The two sides of reflink()

Posted May 11, 2009 6:09 UTC (Mon) by nix (subscriber, #2304)
In reply to: The two sides of reflink() by giraffedata
Parent article: The two sides of reflink()

What? Directory entries and inodes aren't tied together in the fs model at
all, except that each directory entry increases i_nlink in the
corresponding inode by one. Reflinks simply would ensure that i_nlink was
*at least* one but would not increment it (probably by maintaining a
separate i_reflink count), and the semantics of unlink() would change to
ensure that a reflink()/unlink() sequence had the same (no) effect on link
count as link()/unlink().

You could no longer rely on unlink() decrementing i_nlink, but I don't
know of *anything* that depends on this (some things doubtless do but it
can't be common).

It breaks updating running software because that involves unlinking files
that are in use, and because the update process generally consists of
creating a file with a temporary name, filling it out, and rename()ing it
over the original (that's an implicit unlink right there, and it does not
fail). If you break that you break every package manager on the face of
the earth.

The two sides of reflink()

Posted May 11, 2009 7:37 UTC (Mon) by giraffedata (guest, #1954) [Link] (3 responses)

What? Directory entries and inodes aren't tied together in the fs model at all, except that each directory entry increases i_nlink in the corresponding inode by one.

That's a pretty tight bond, especially since i_nlink controls when the inode/file gets deleted. Also, you can't make the kernel create an inode without also creating a directory entry, and except temporarily, an inode cannot exist without at least one directory entry associated with it. Those are the bonds that it would be nice to get away from, as pretty much every OS except Unix does.

Reflinks simply would ...

We must be talking about different things. I was just talking about what Unix should do instead of what it always has (as a fundamental design point) done. Nothing to do with reflinks. And I'm also not claiming it would be compatible with any existing Unix application, but I do believe every application could be done at least as well with a kernel without automatic file deletion and directories.

The two sides of reflink()

Posted May 11, 2009 18:32 UTC (Mon) by nix (subscriber, #2304) [Link] (2 responses)

*And directories*? You're dreaming. Directories are in practice essential
for scalability.
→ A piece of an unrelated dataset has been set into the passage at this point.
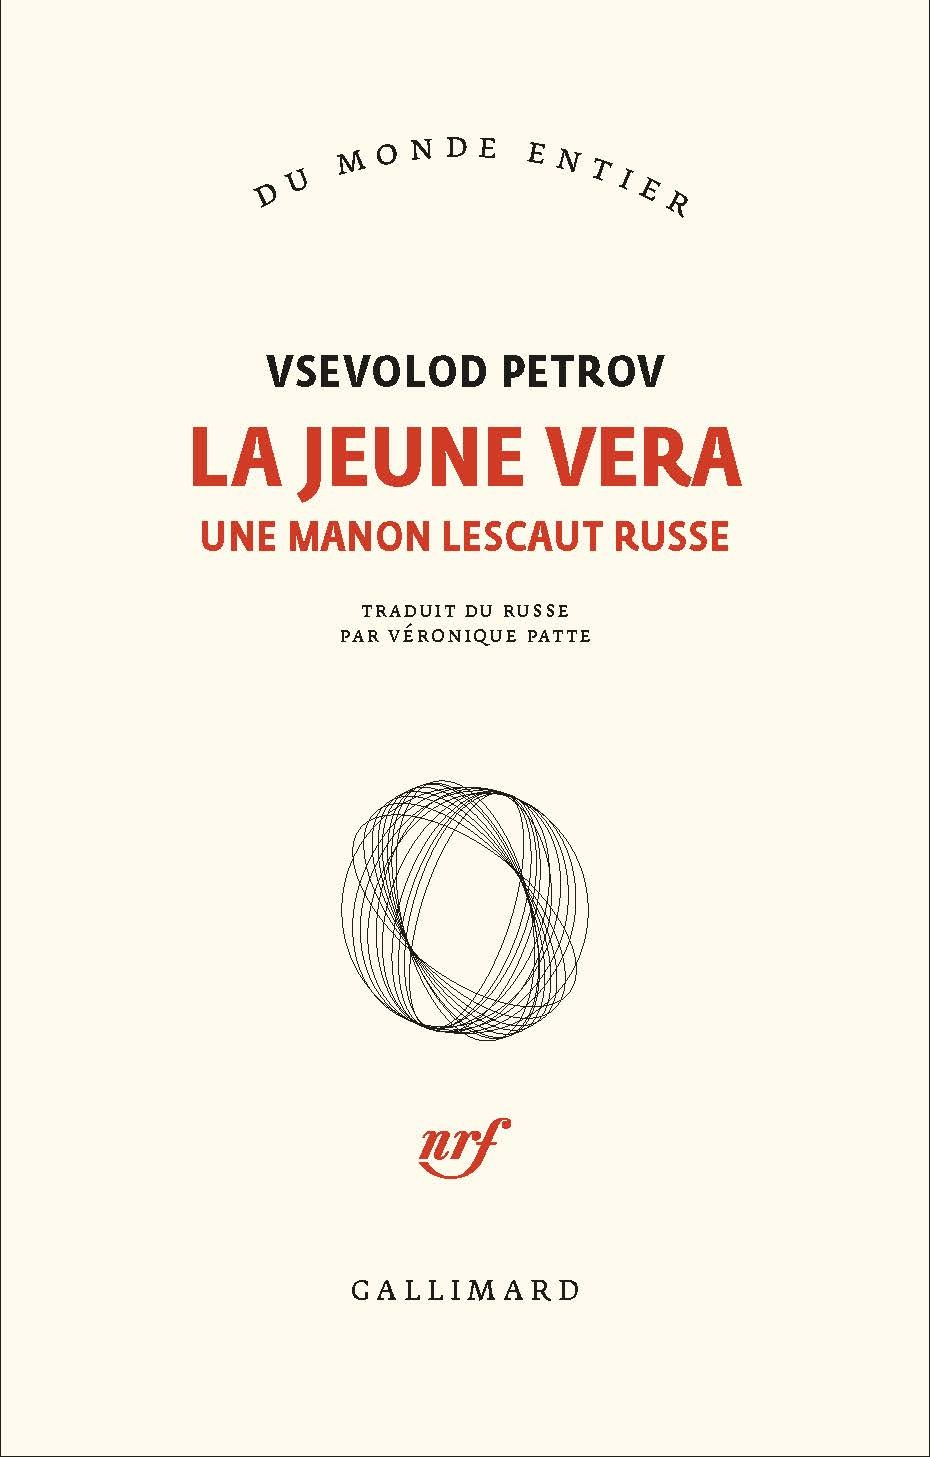 LA JEUNE VERA - UNE MANON LESCAUT RUSSE

If they weren't in the kernel, they'd need to be in some
userspace library (ew).

The two sides of reflink()

Posted May 12, 2009 1:22 UTC (Tue) by giraffedata (guest, #1954) [Link] (1 responses)
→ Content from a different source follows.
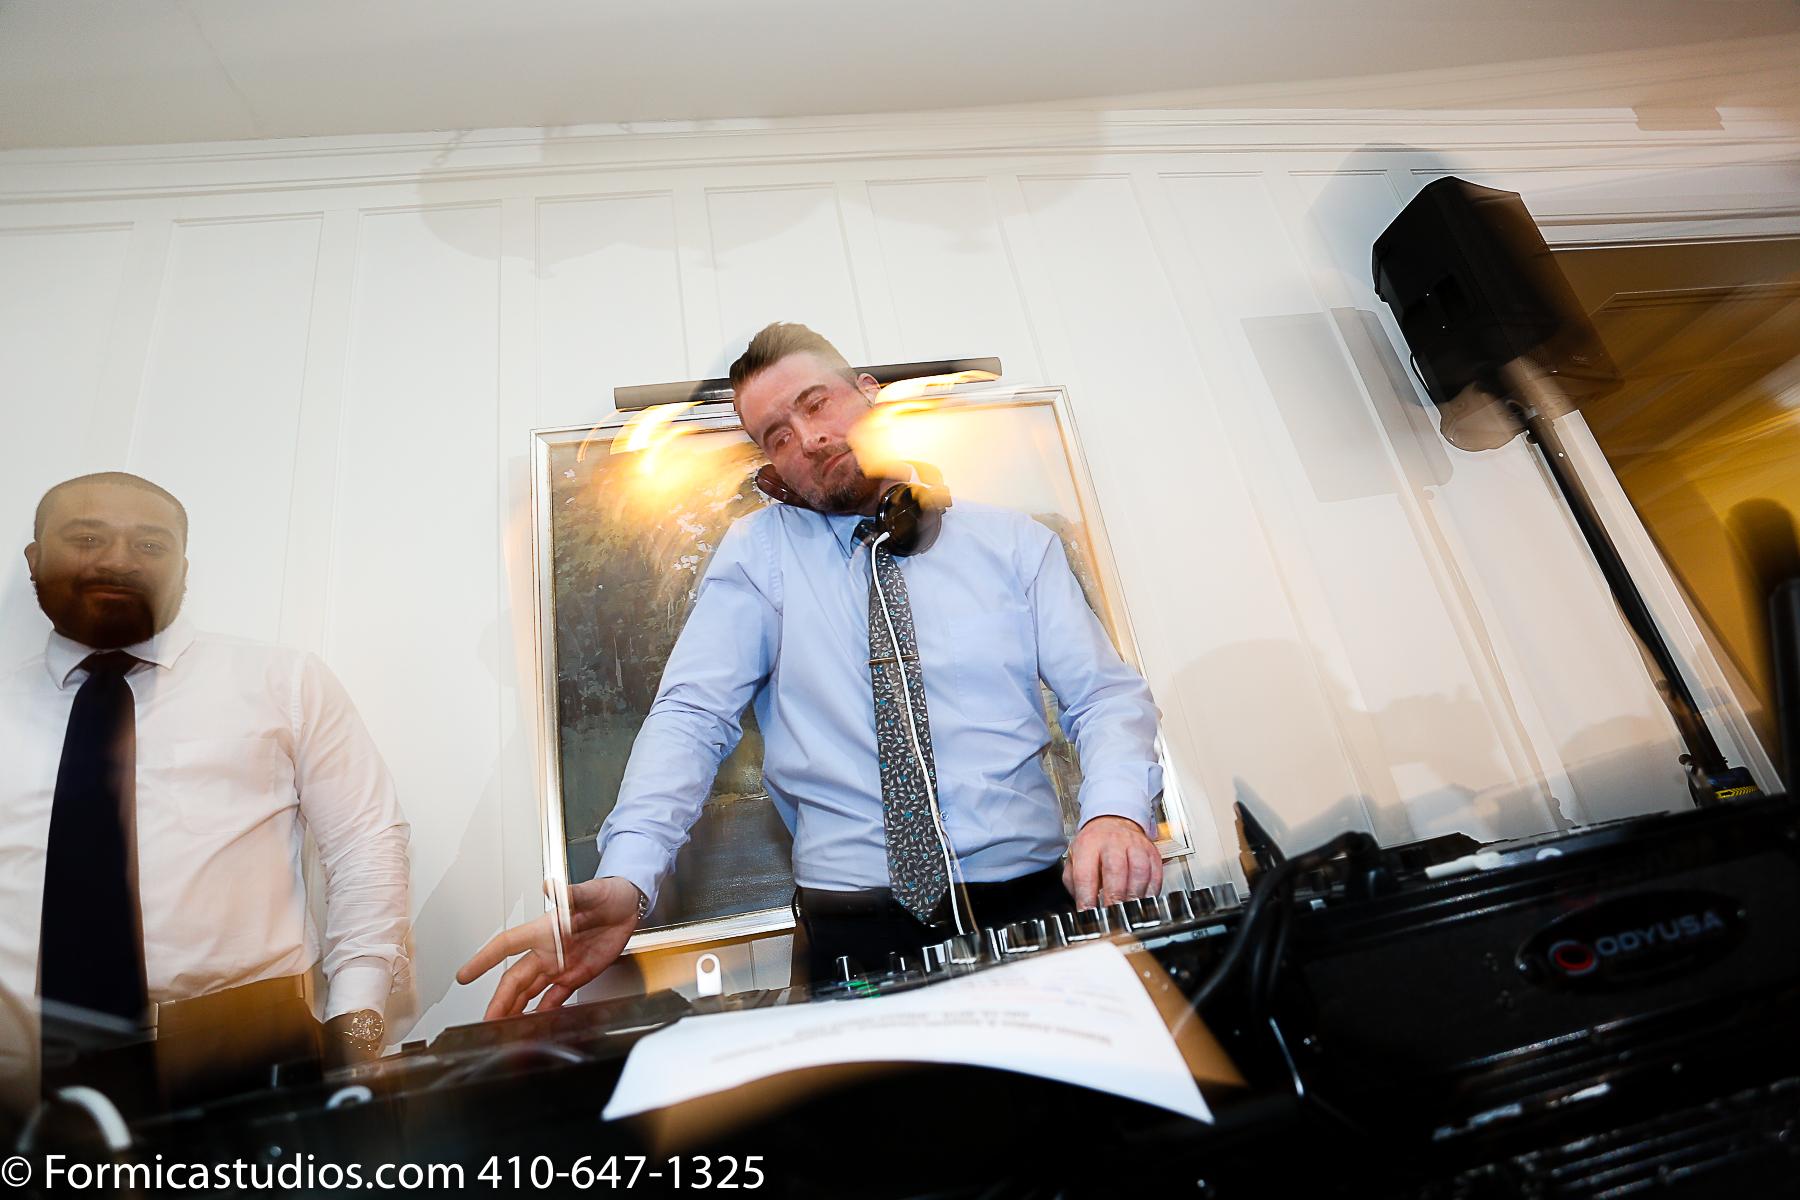 dj spinning music at wedding

If they weren't in the kernel, they'd need to be in some userspace library (ew).

They work better in user space -- there's more flexibility there and the basic concept of a directory has nothing to do with resource allocation between users, which is what the kernel is for. Many OSes do them outside the kernel. The only reason they have to be in the kernel in Unix is that the kernel deletes files implicitly based on directory references. And as I've been saying, we'd be better off without that.

The two sides of reflink()

Posted May 12, 2009 19:59 UTC (Tue) by nix (subscriber, #2304) [Link]

Putting directories outside the kernel also means that a whole pile of
things POSIX guarantees become, as near I can tell, impossible to provide.
I can't see any way to keep cross-directory rename() atomic, for instance.

Also it's a grotesque security hole: now you can't keep stuff secret by
hiding it in unreadable directories anymore.

Periodically there are proposals to introduce an open()-by-inode-number
syscall. They are always shot down. I don't know what sort of system
you're thinking of, but it isn't Unix.

(And if you're going to go that route, make the inums 1024 bits long and
bingo, you've got a capability-based system.)

The two sides of reflink()

Posted May 11, 2009 15:38 UTC (Mon) by butlerm (subscriber, #13312) [Link]

There is no practical way for a filesystem to implement "reflinks" such that
the reflink shares the same inode. The ownership, permissions, and file data
of both the original file and the new file all have to be modifiable
independently. To make any sense, they would also need separate inode
numbers.